Data.
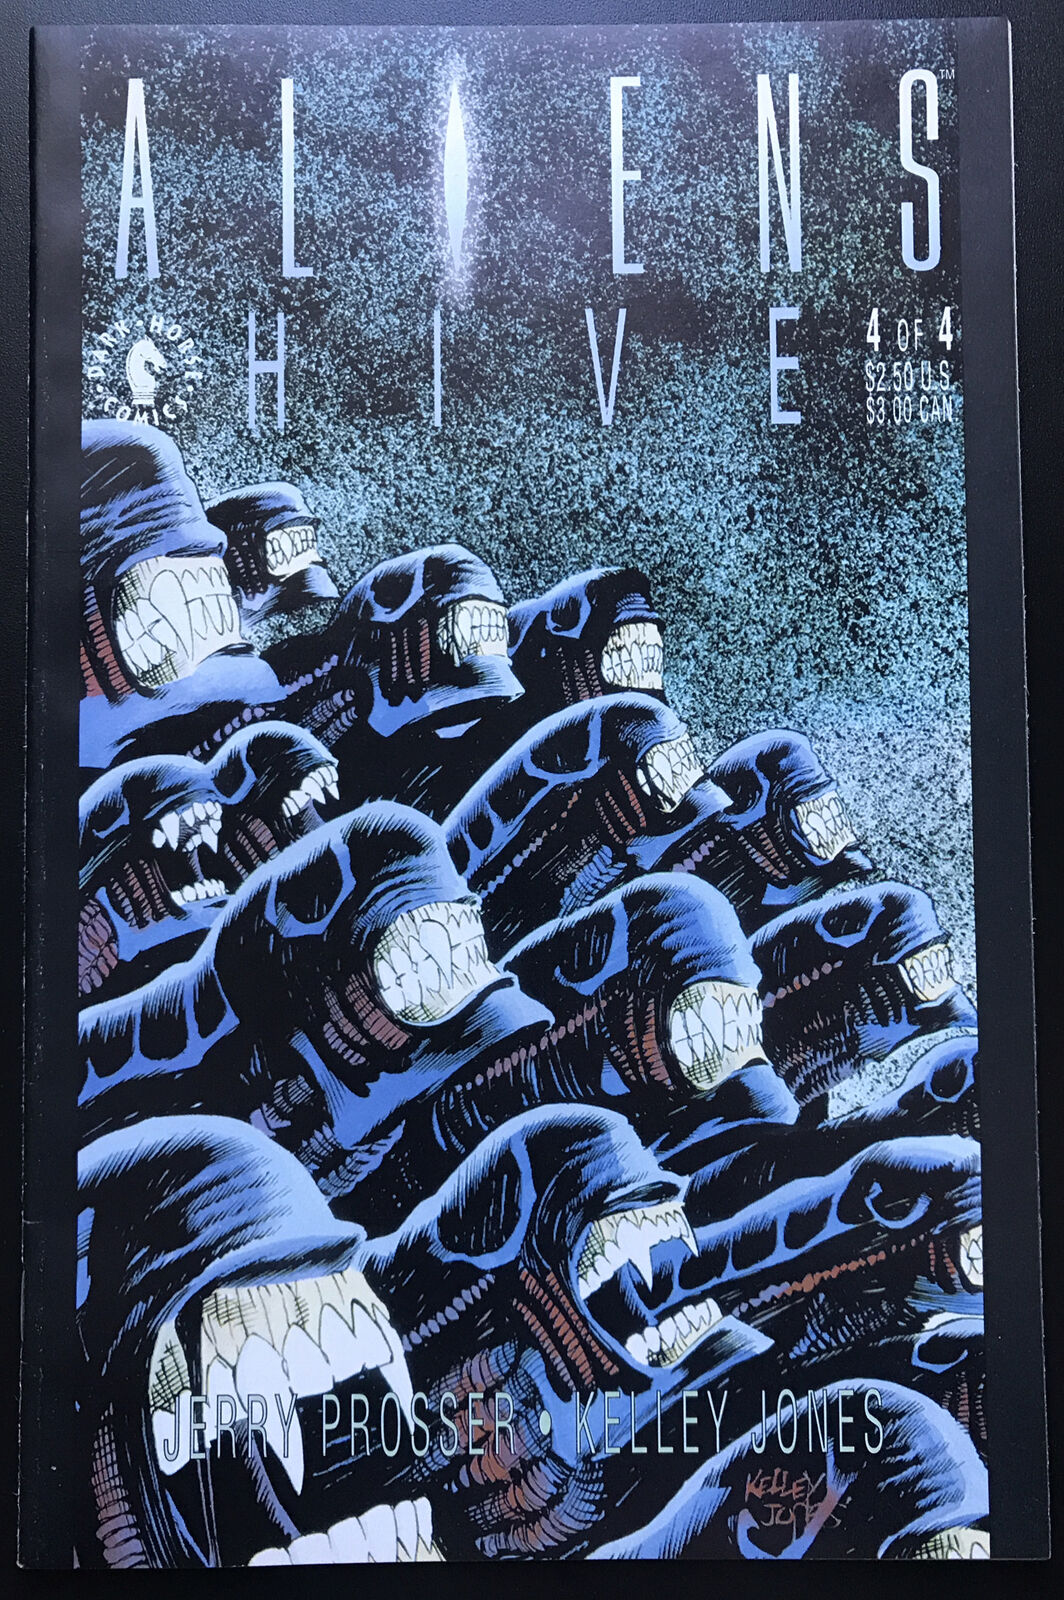 ALIENS: Hive Complete 4-Book Lot Dark Horse Comics 1992 Early Series HIGH GRADE - aliencomics.ca
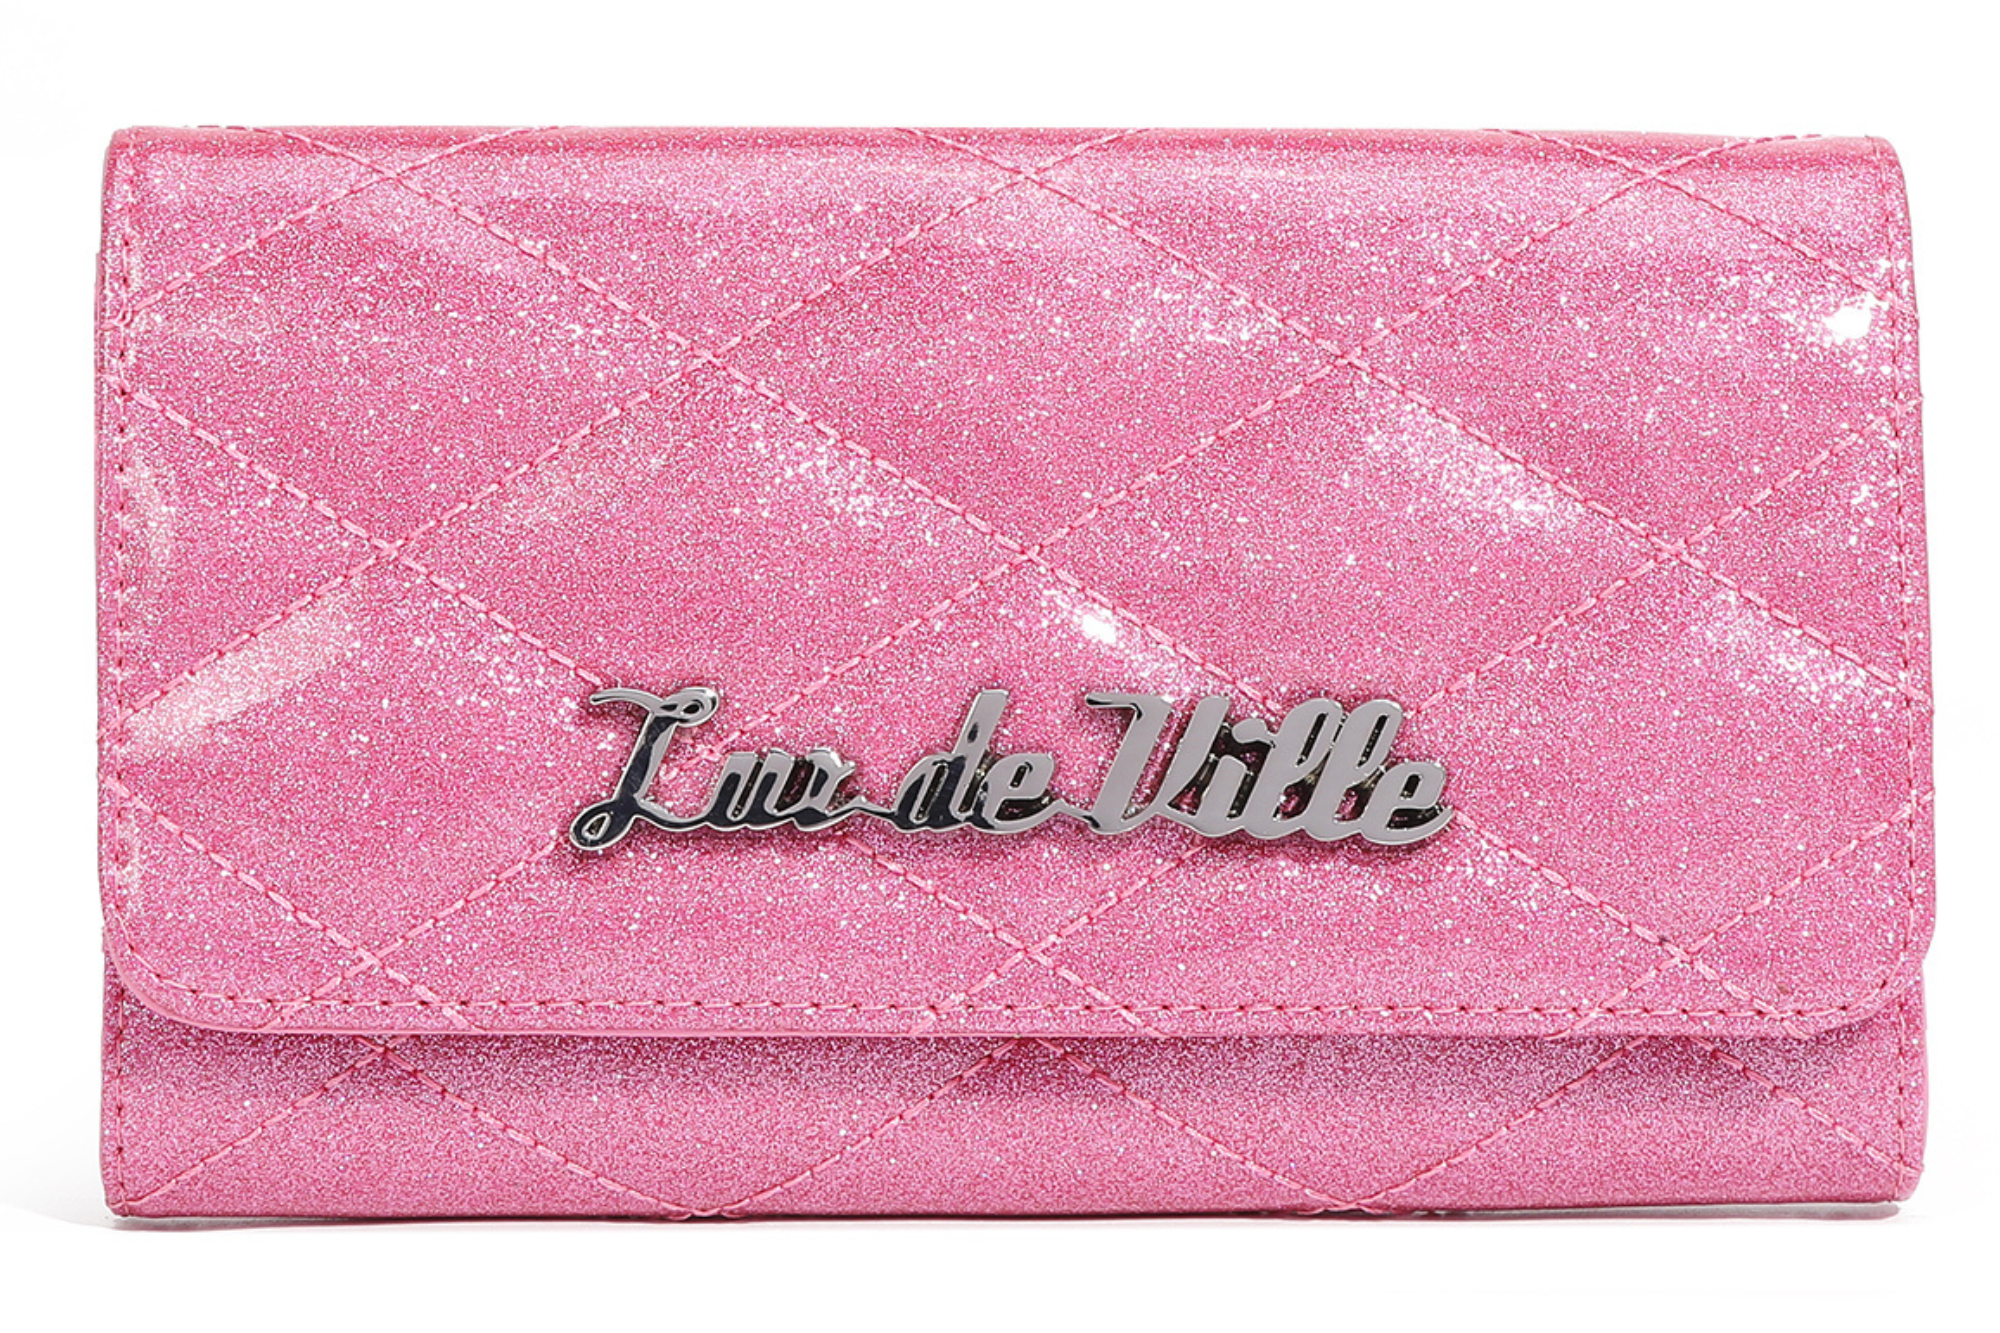 Lux de Ville Logo Wallets for Women
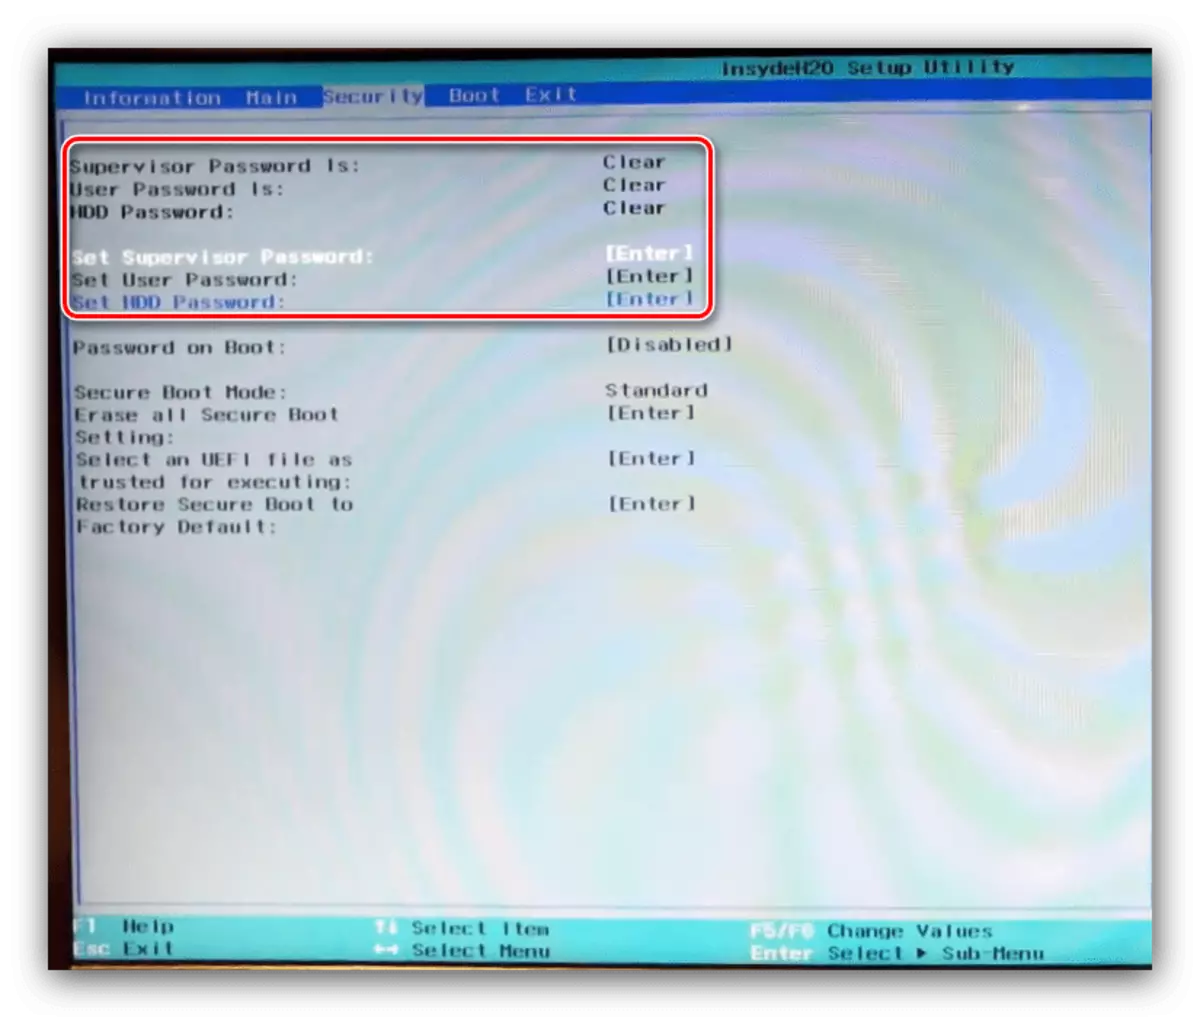 Pasvorto-Agordoj sur la Acer Laptop Bios Interface Security TAB
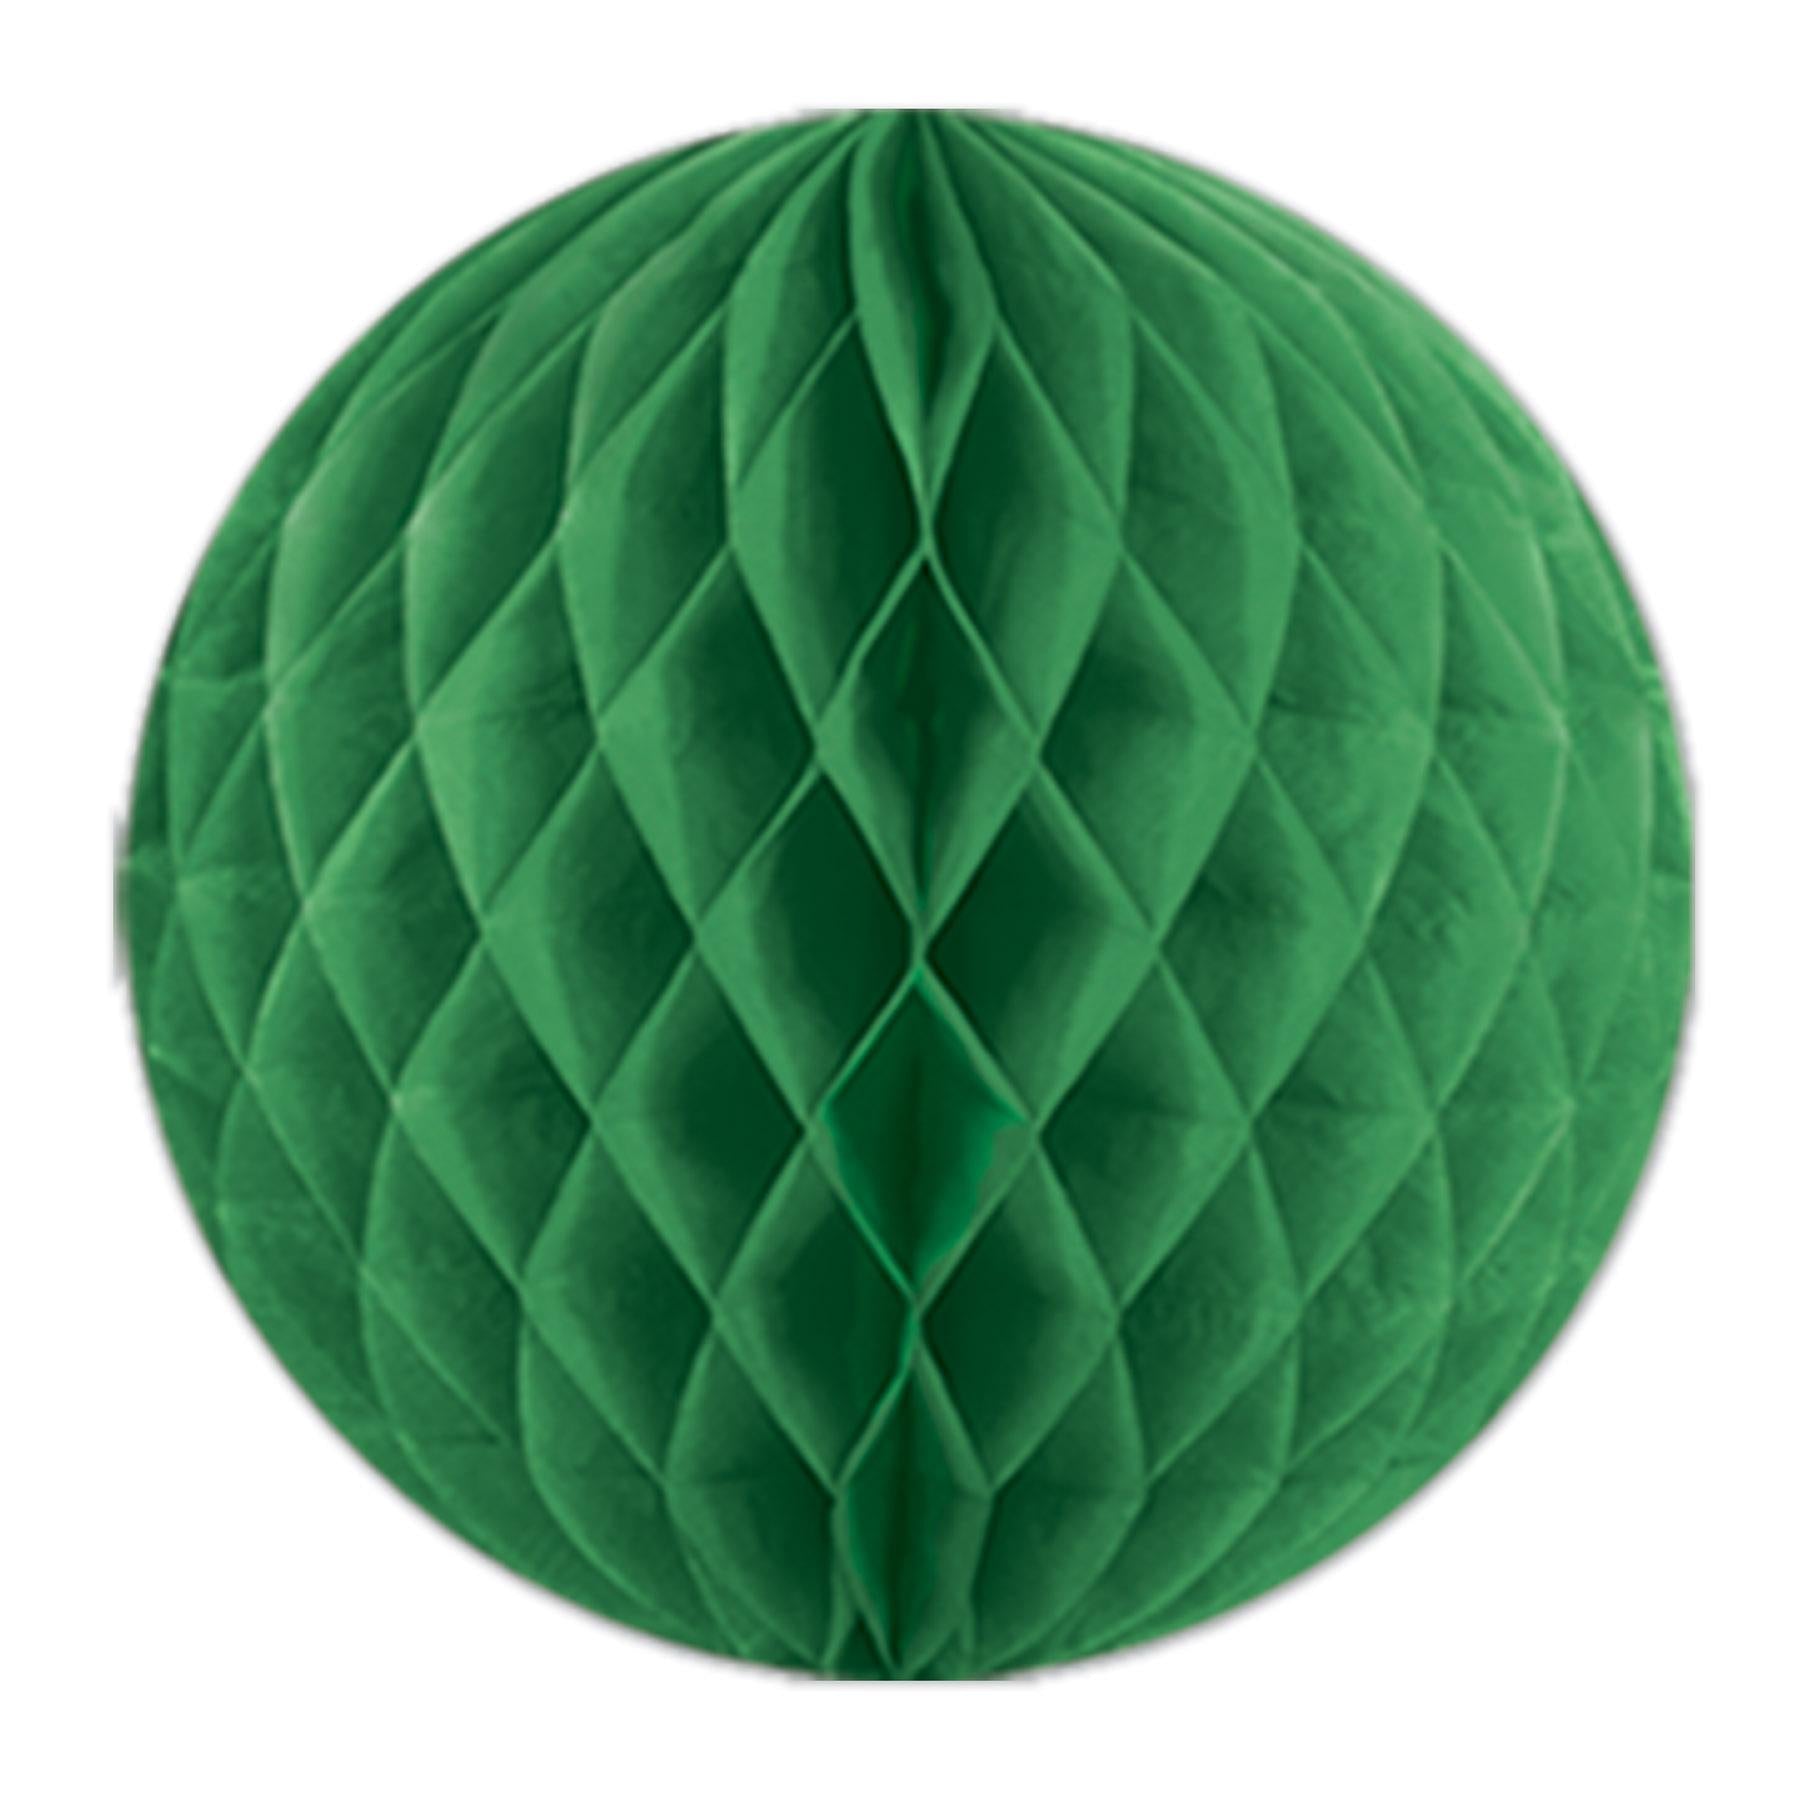 Beistle Party Tissue Ball - green

What is needed. Return the whole listing word for word, minus its pictures.

Response.
 ALIENS: Hive Complete 4-Book Lot Dark Horse Comics 1992 Early Series HIGH GRADE - aliencomics.ca
 Lux de Ville Logo Wallets for Women
 Pasvorto-Agordoj sur la Acer Laptop Bios Interface Security TAB
 Beistle Party Tissue Ball - green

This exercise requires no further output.